The number of primes smaller than $x$ is approximately $\frac{x}{\ln x}$. Therefore the number of 512bit primes (approximately the length you need for $1024$ bit modulus) is approximately $\frac{2^{513}}{\ln 2^{513}}-\frac{2^{512}}{\ln 2^{512}} \approx 2.76×10^{151}$.

The number of RSA moduli (i.e. pair of two distinct primes) is therefore $\frac{(2.76×10^{151})^2}{2}-2.76×10^{151}=1.88×10^{302}$.

Now consider that the observable universe contains about $10^{80}$ atoms.

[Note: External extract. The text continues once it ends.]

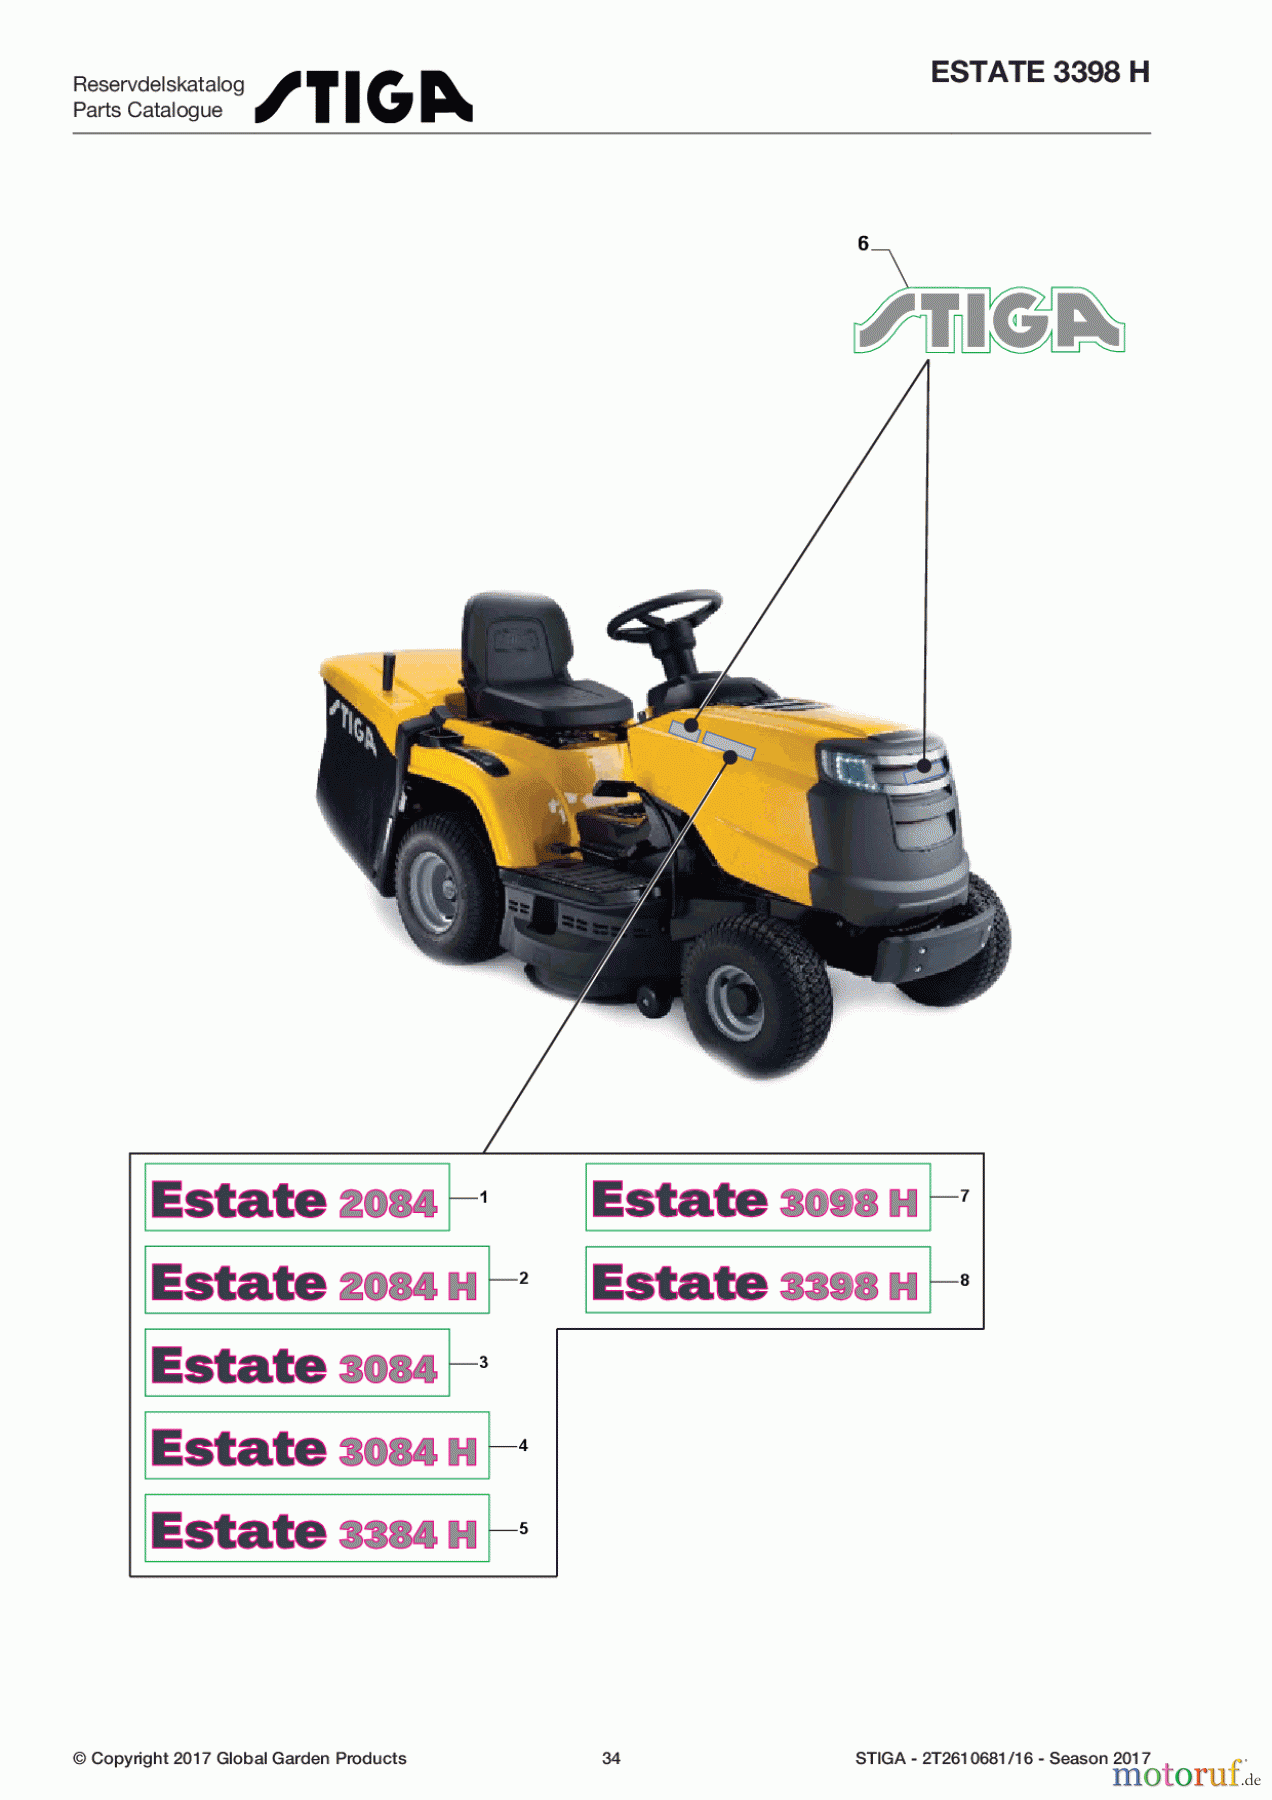  Stiga Rasentraktoren Estate, Tornado tractors 98 cm Sammelfunktion Baujahr 2017 ESTATE 3398 H 2T2610681/16 - Season 2017 Labels

Assume that you could use each of those atoms as a CPU, and each of those CPUs could enumerate one modulus per millisecond. To enumerate all $1024$bit RSA moduli you would need:

$1.88×10^{302}ms / 10^{80} = 1.88×10^{222}ms = 1.88×10^{219}s = 5.22×10^{215}h = 1.43×10^{213} \text{years}$. Just as a comparison: The universe is about $13.75×10^9$ years old.

It's not a question of resources, it's simply not possible.

Also, it would not make any sense to do that. There are much faster ways to find out a secret key. In fact there are algorithms with sub-exponential running time for factoring integers.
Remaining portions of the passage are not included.